The following PROC GLIMMIX statements fit a standard Poisson regression model with random intercepts by maximum likelihood. The marginal likelihood of the data is approximated by adaptive quadrature (METHOD=QUAD).

proc glimmix data=counts method=quad;
   class sub;
   model y = x / link=log s dist=poisson;
   random int / subject=sub;
run;

Output 43.14.1 displays various informational items about the model and the estimation process.

Output 43.14.1: Poisson: Model and Optimization Information

The GLIMMIX Procedure

Model Information
Data Set	WORK.COUNTS
Response Variable	y
Response Distribution	Poisson
Link Function	Log
Variance Function	Default
Variance Matrix Blocked By	sub
Estimation Technique	Maximum Likelihood
Likelihood Approximation	Gauss-Hermite Quadrature
Degrees of Freedom Method	Containment

Optimization Information
Optimization Technique	Dual Quasi-Newton
Parameters in Optimization	3
Lower Boundaries	1
Upper Boundaries	0
Fixed Effects	Not Profiled
Starting From	GLM estimates
Quadrature Points	5

Iteration History
Iteration	Restarts	Evaluations	Objective Function	Change	Max Gradient
0	0	4	862.57645728	.	366.7105
1	0	5	862.43893582	0.13752147	22.36158
2	0	6	854.49131023	7.94762559	28.70814
3	0	2	854.47983504	0.01147519	6.036114
4	0	4	854.47396189	0.00587315	4.238363
5	0	4	854.47006558	0.00389631	0.332454
6	0	3	854.47006484	0.00000074	0.003104

The “Model Information” table shows that the parameters are estimated by ML with quadrature.
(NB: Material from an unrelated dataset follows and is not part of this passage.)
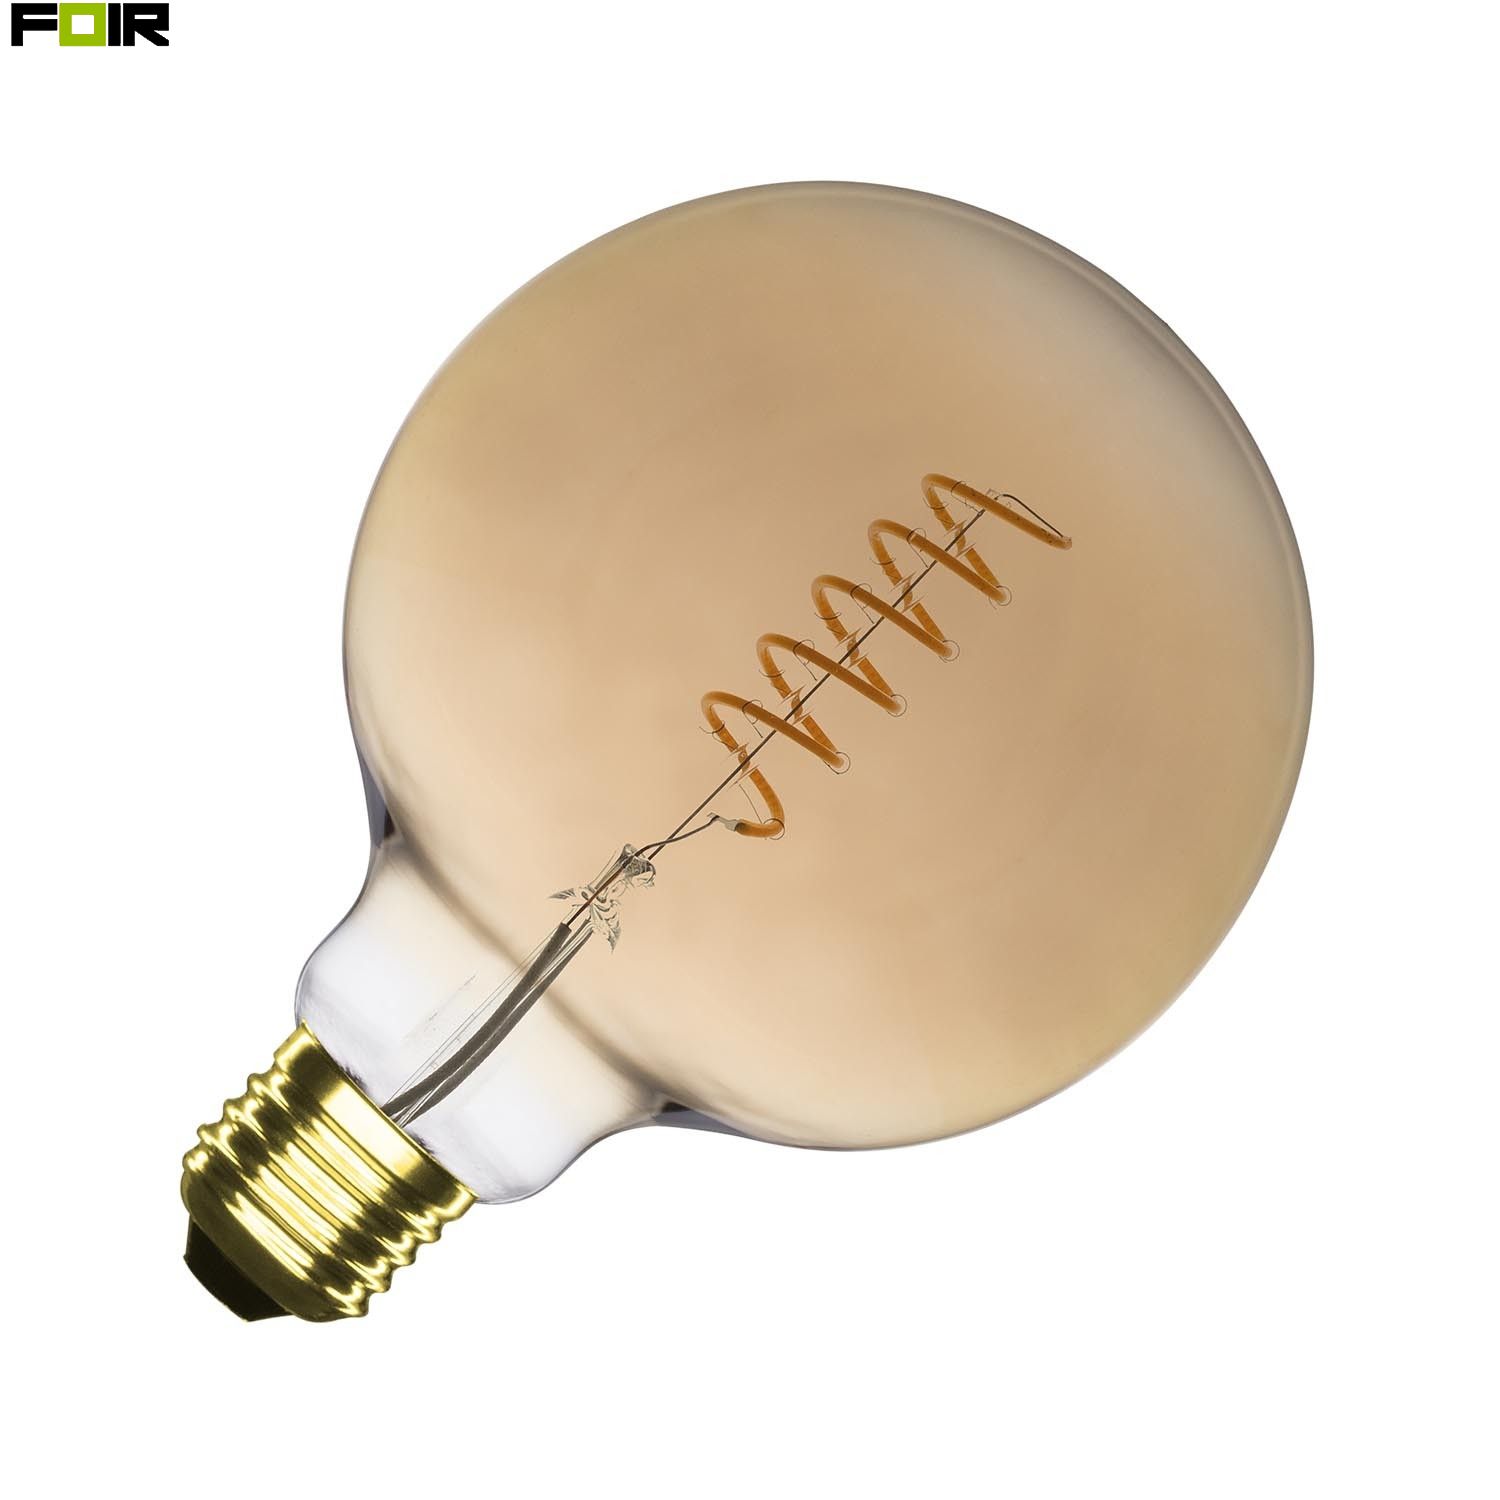 Beginner Actuator dak G125 E27 4W Supreme Spiral gouden gloeidraad LED lamp (dimbaar)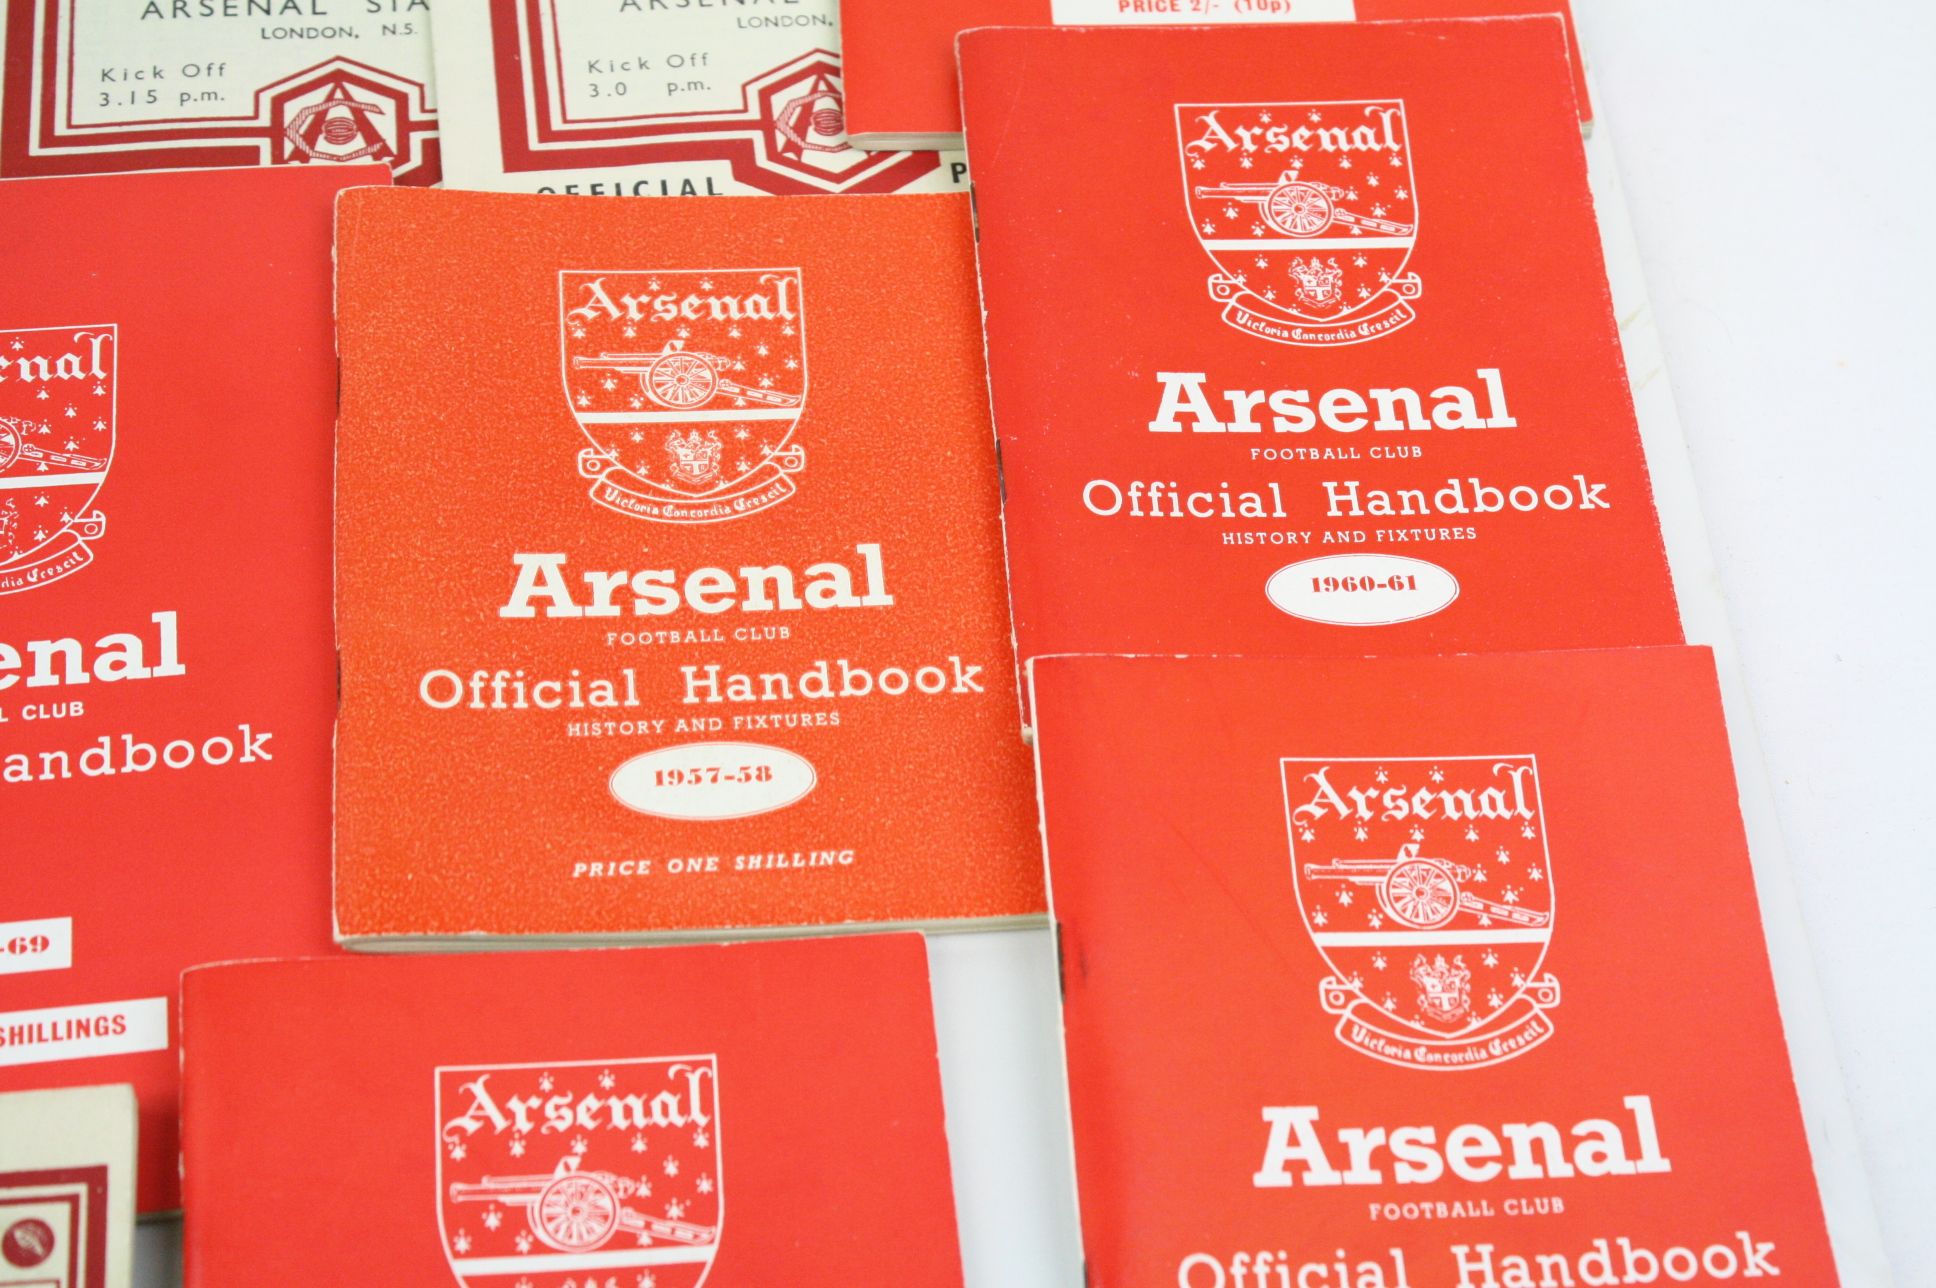 Arsenal Football Club - Group of ephemera to include 2 x 1948 football programmes (v Aston Villa - Image 5 of 8

Using the starting values for fixed effects and covariance parameters that the GLIMMIX procedure generates by default, the procedure determined that five quadrature nodes provide a sufficiently accurate approximation of the marginal log likelihood (“Optimization Information” table). The iterative estimation process converges after nine iterations.

The table of conditional fit statistics displays the sum of the independent contributions to the conditional –2 log likelihood (854.47) and the Pearson statistics for the conditional distribution (Output 43.14.2).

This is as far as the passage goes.